→ PROBLEM TO WORK ON
Please write out the full listing beneath this line exactly, skipping its images.

→ MATERIAL PROVIDED
********
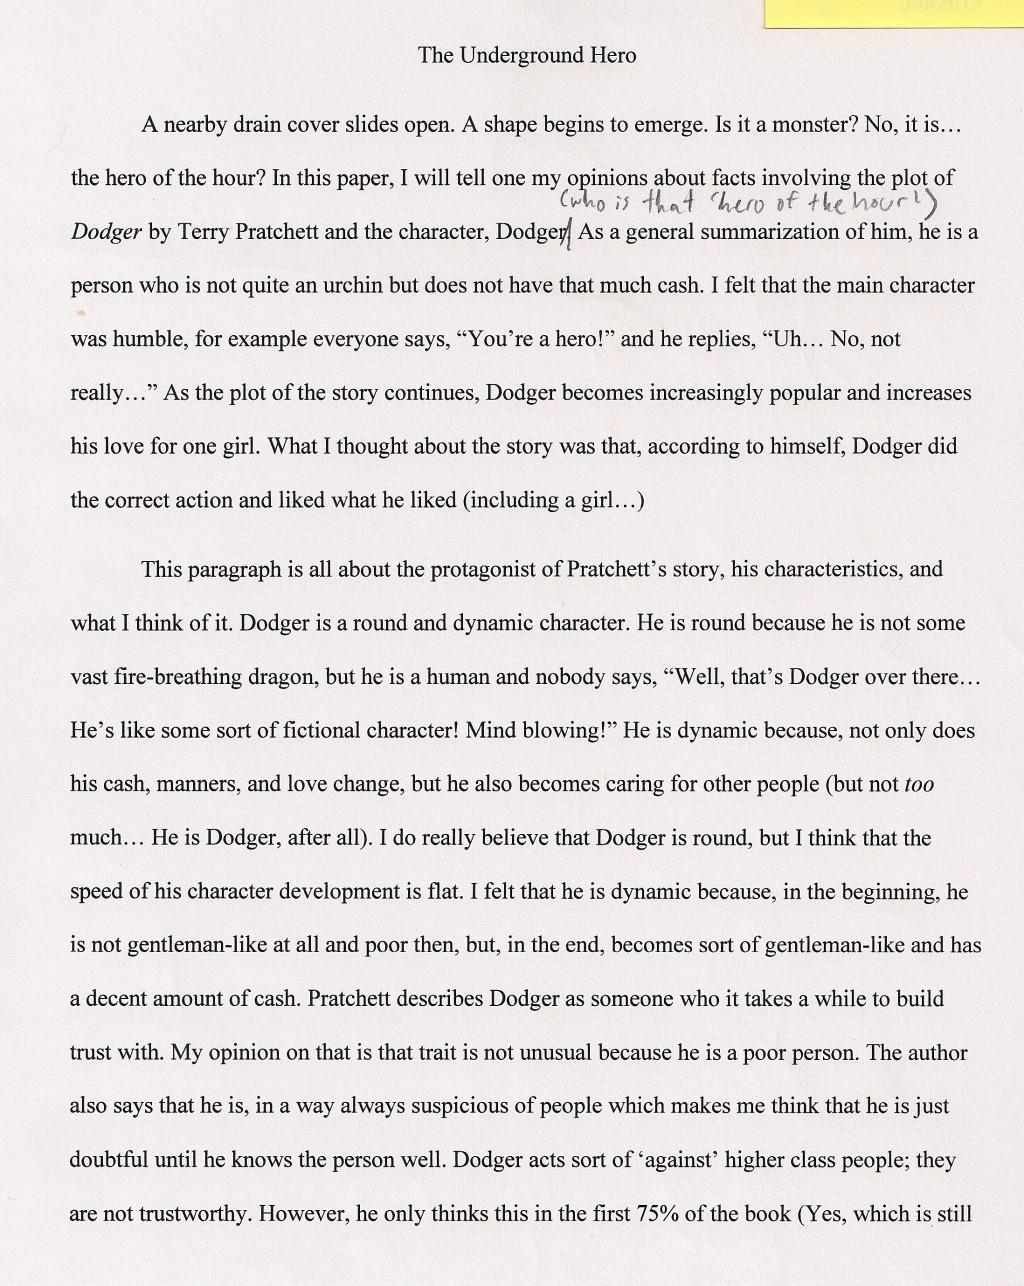 001 Hero Essays The Underground Staggering Essay Examples My Michigan Superhero Large
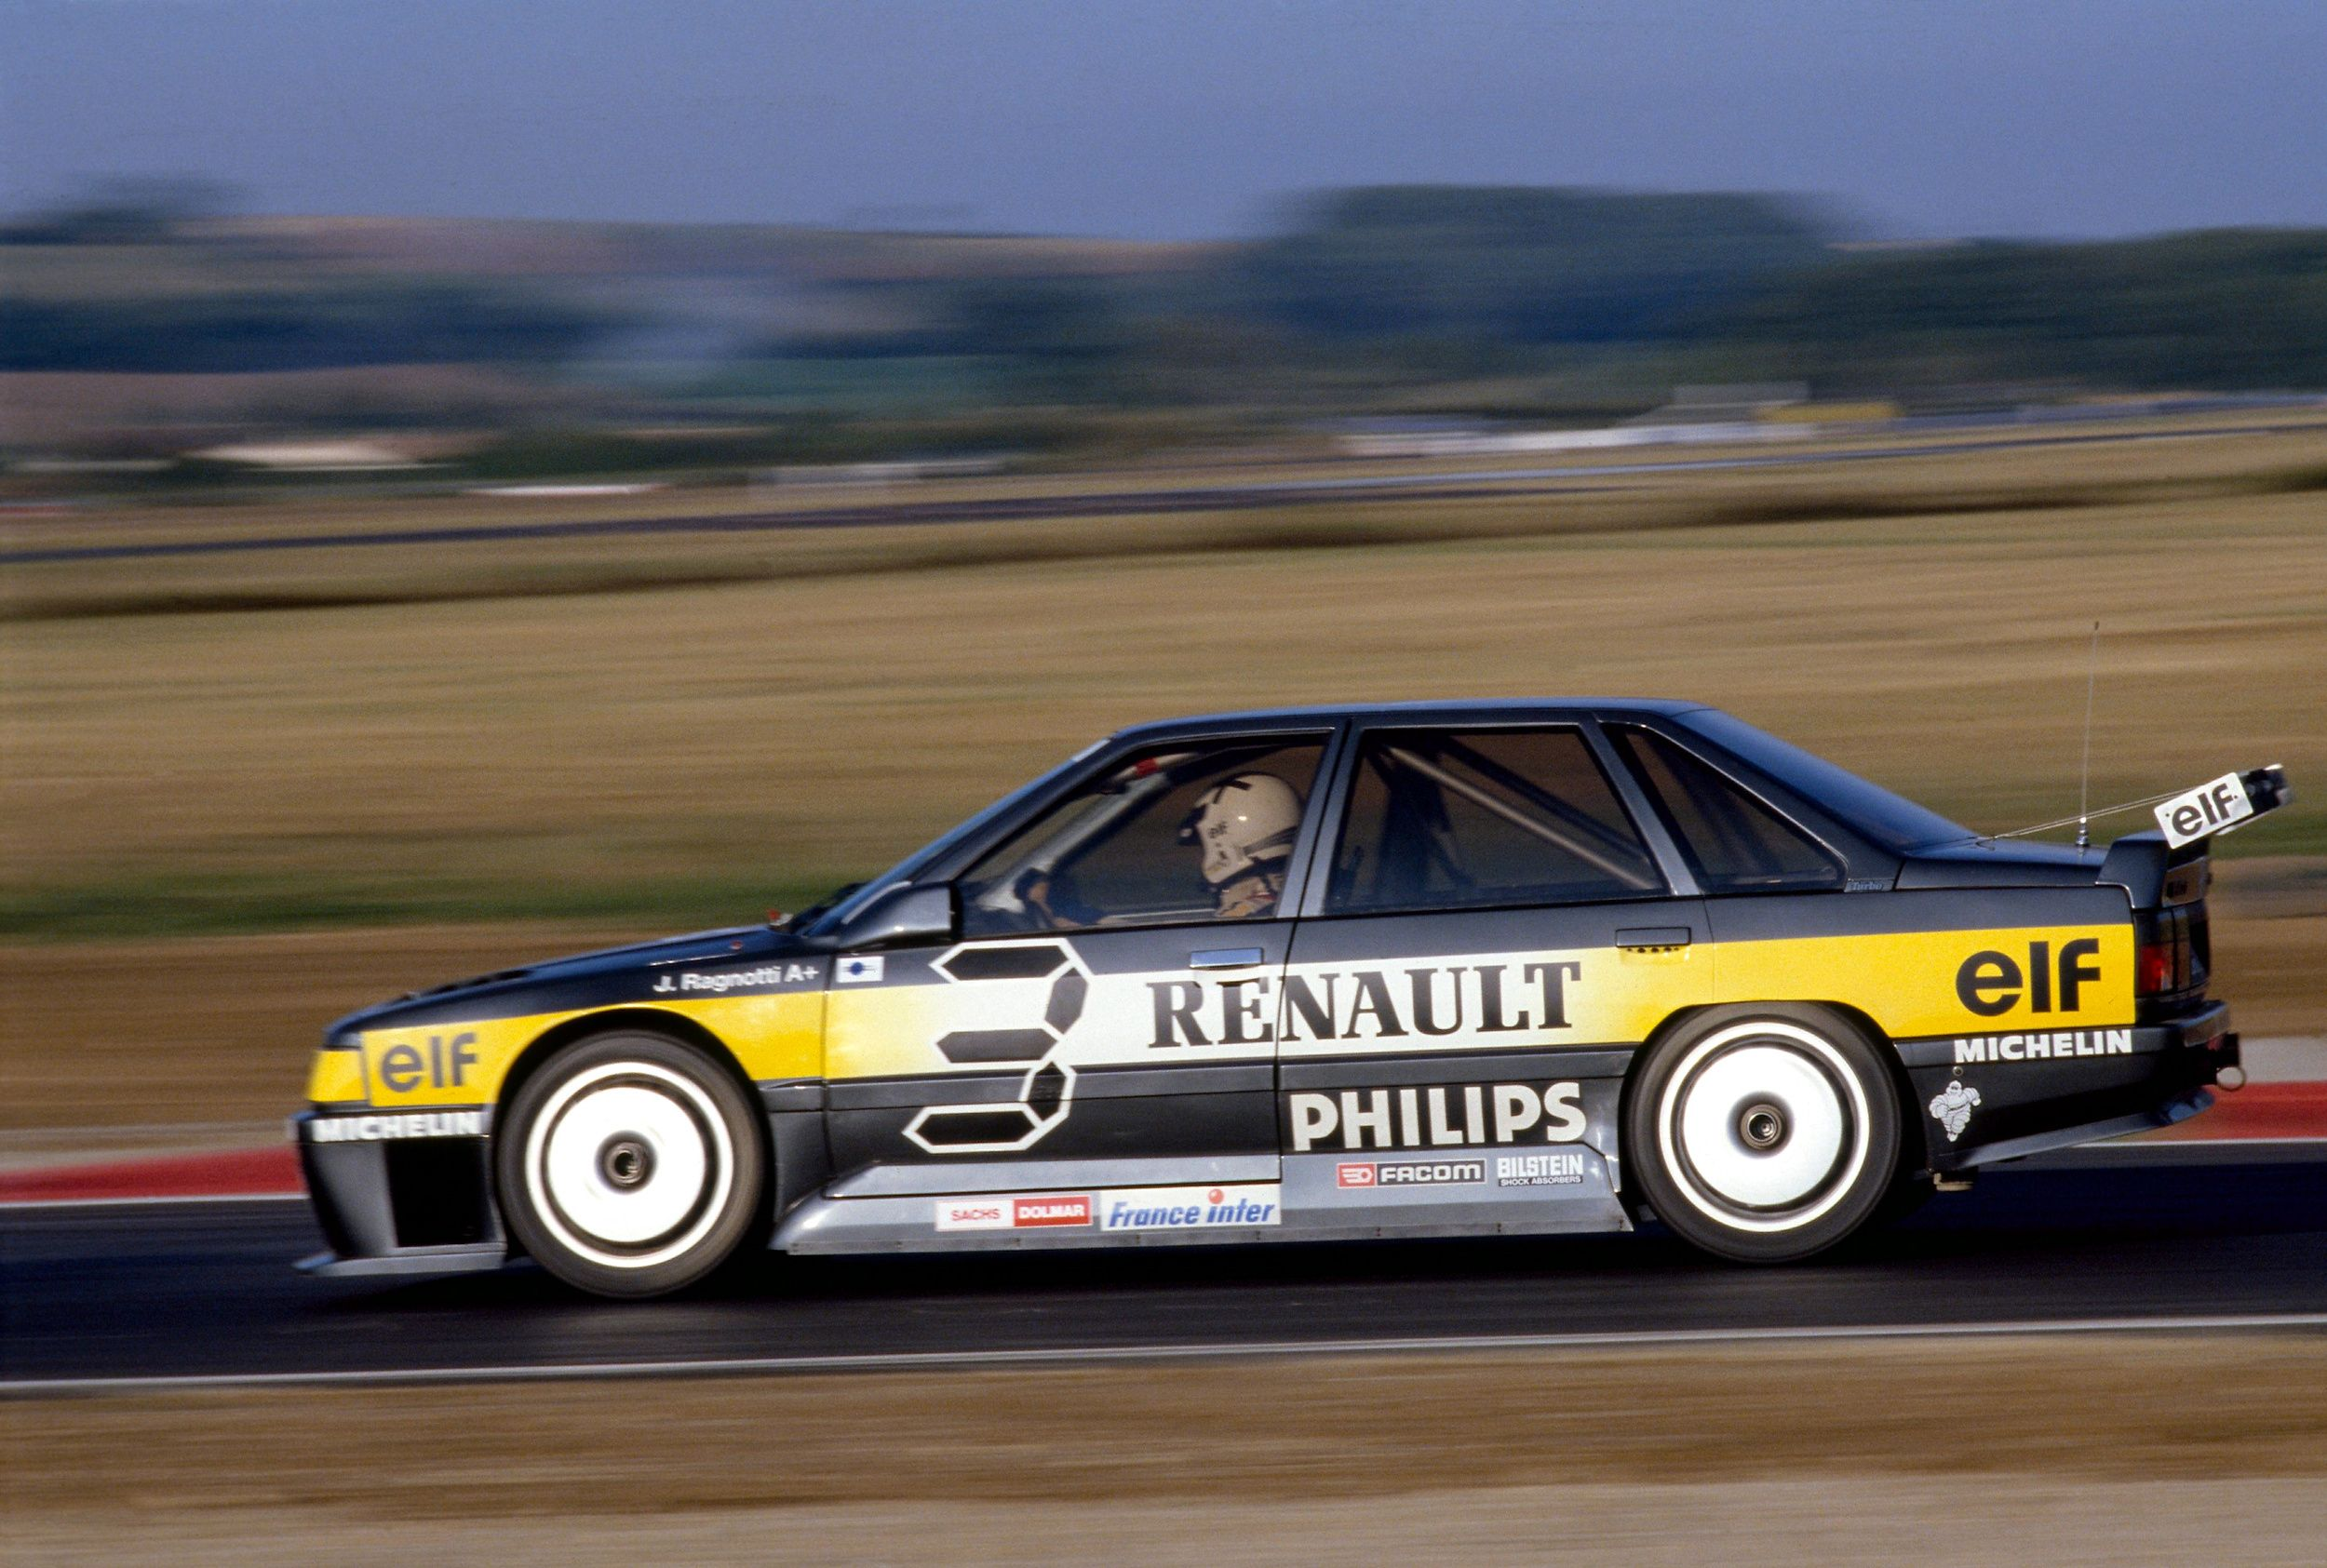 Renault 21 Turbo 4x4 Super Production Race Car | Classic Cars ...
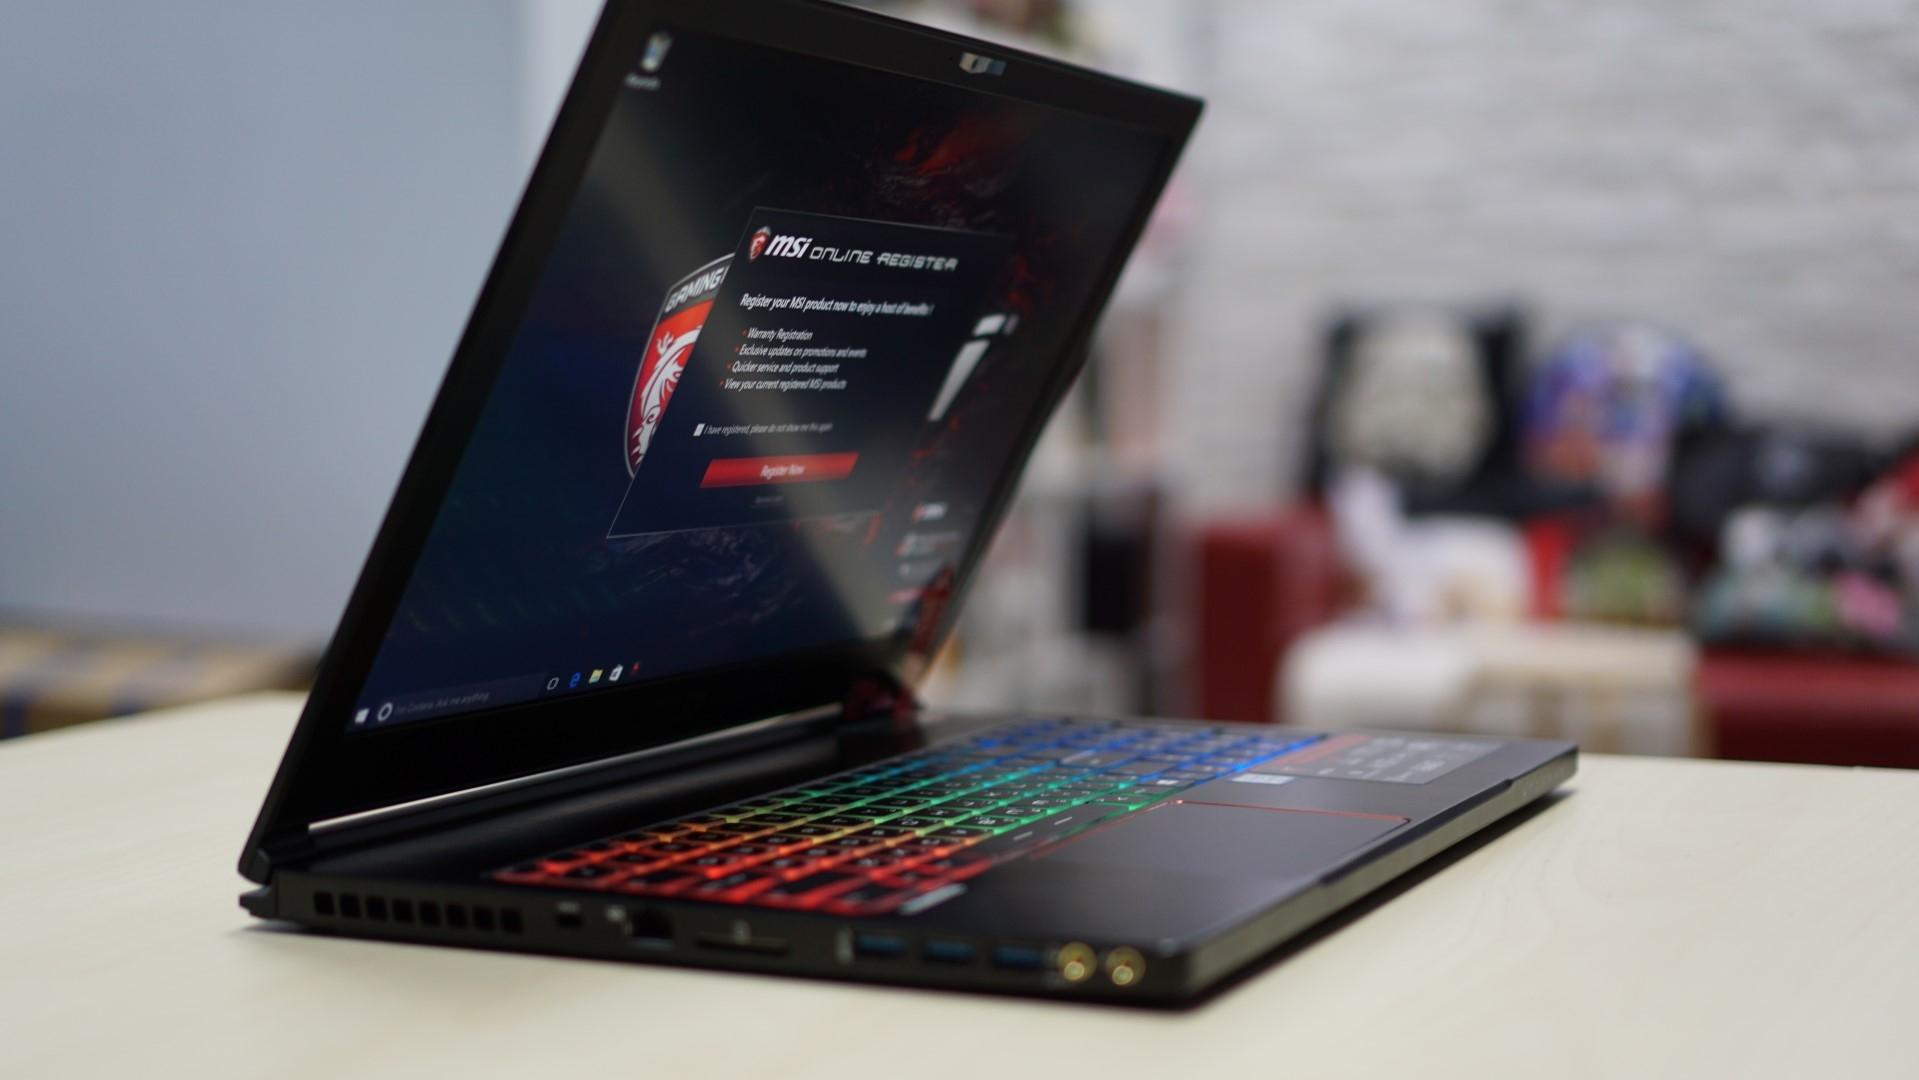 MSI анонсировали тонкие и лёгкие VR-ready ноутбуки
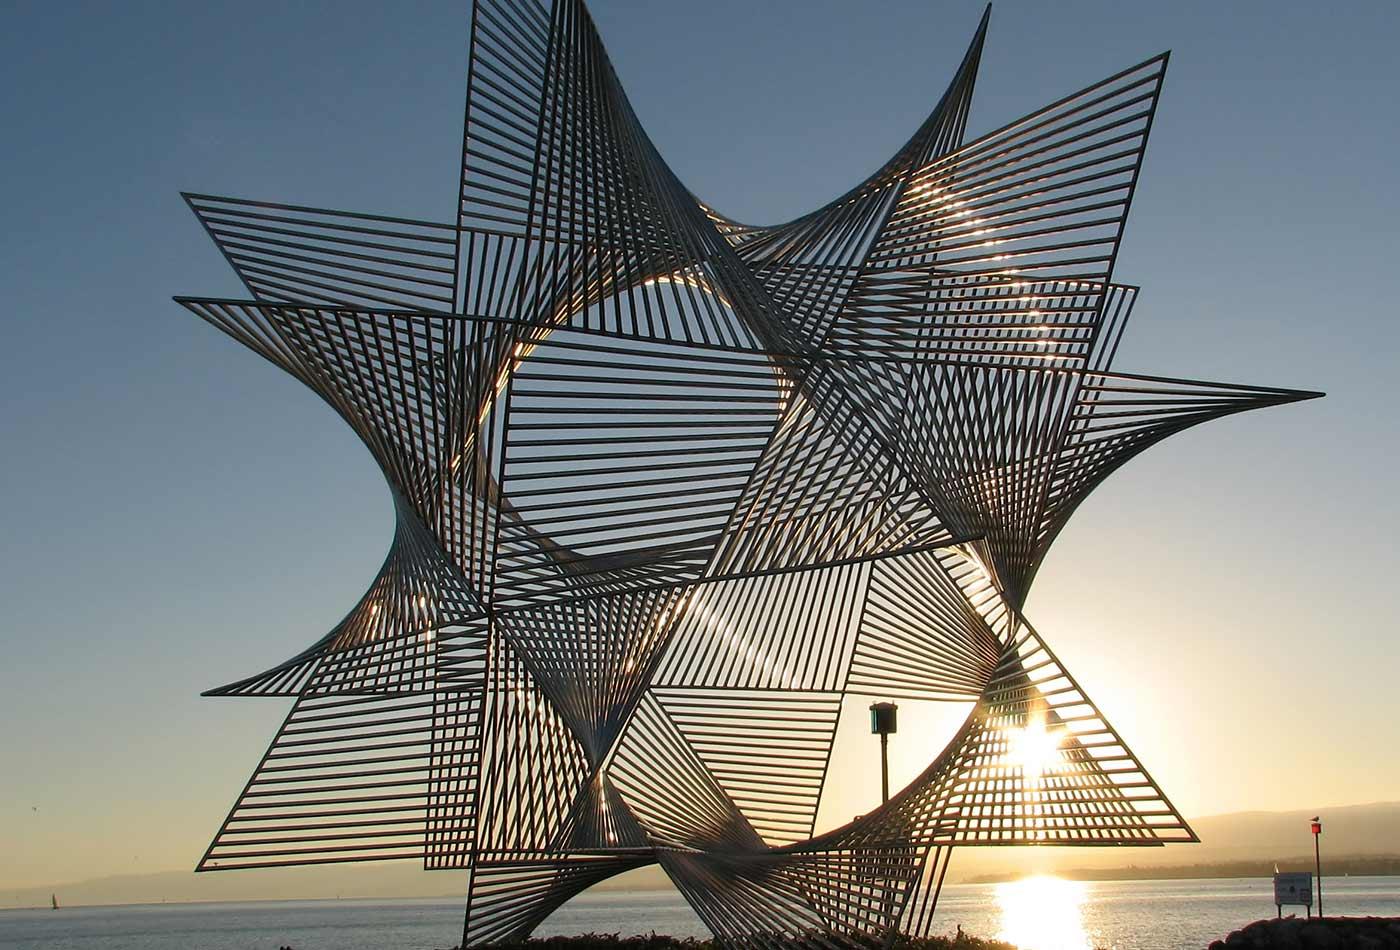 Lausanne Ouchy Skulptur.
********
→ TASK OUTPUT
 001 Hero Essays The Underground Staggering Essay Examples My Michigan Superhero Large
 Renault 21 Turbo 4x4 Super Production Race Car | Classic Cars ...
 MSI анонсировали тонкие и лёгкие VR-ready ноутбуки
 Lausanne Ouchy Skulptur.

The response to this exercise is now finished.